The report forecasted that the re-opening of the Hormuz strait should drive Brent back to $75-80 and provide considerable relief to the rupee and RBI to remain on hold over the next few quarters

IANS

NEW DELHI: The Reserve Bank of India’s Monetary Policy Committee (MPC) is expected to keep interest rates on hold on June 5, as a sharp correction in Brent crude prices has eased concerns around inflation, a report said on Monday.

The report from Emkay Global Financial Services noted that a significant improvement in India’s outlook for the external account over the past two weeks due to 22 per cent correction in Brent on hopes of a US‑Iran memorandum of understanding.

"We expect the RBI to remain on hold next week, which is positive for the consumption recovery story and the earnings cycle," the firm said. The Indian rupee has gained 2 per cent to Rs 95 per dollar after touching Rs 96.96 per dollar on May 20, 2026.

The report forecasted that the re-opening of the Hormuz strait should drive Brent back to $75-80 and provide considerable relief to the rupee and RBI to remain on hold over the next few quarters. It saw no need for the RBI to raise rates, even as inflation rose to roughly 4.5 per cent due to a roughly 7 per cent spike in petrol and diesel pump prices.

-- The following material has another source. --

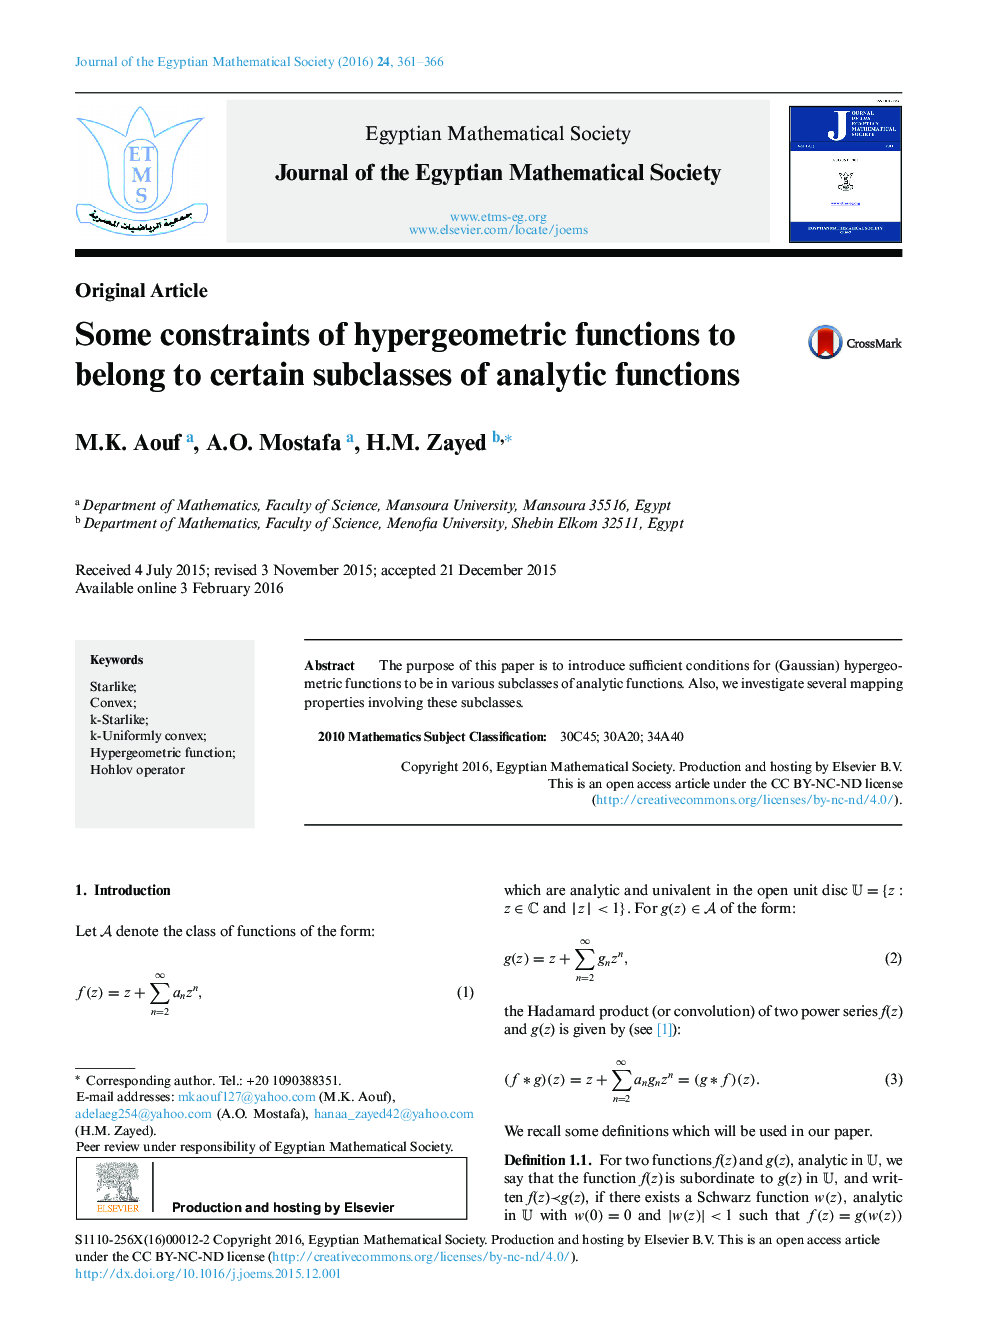 Some constraints of hypergeometric functions to belong to certain subclasses of analytic functions

The firm expects a benign rate environment to support credit growth, which underpinned a consensus Nifty EPSg (EPS growth) of 14.2 per cent for FY27, with banks a substantial contributor. Markets remained volatile amid continued uncertainty around the timing of a potential US-Iran deal and the reopening of the Strait of Hormuz (SoH).

On liquidity, the report noted surplus conditions contracted to roughly 0.2 per cent of net demand and time liabilities after the RBI injected $5 billion through a rupee‑dollar swap. "We see no immediate cause for concern, once pressure on crude eases and, consequently, on the currency, the RBI should be able to restore liquidity conditions," the report noted.

Deposit growth remains healthy at 12.2 per cent year-on-year but unable to keep pace with credit growth. The incremental CDR (trailing 12M) at 105 per cent is unsustainable, and the firm expects credit growth to moderate going forward, even if deposit growth improves to roughly 13 per cent as liquidity conditions ease.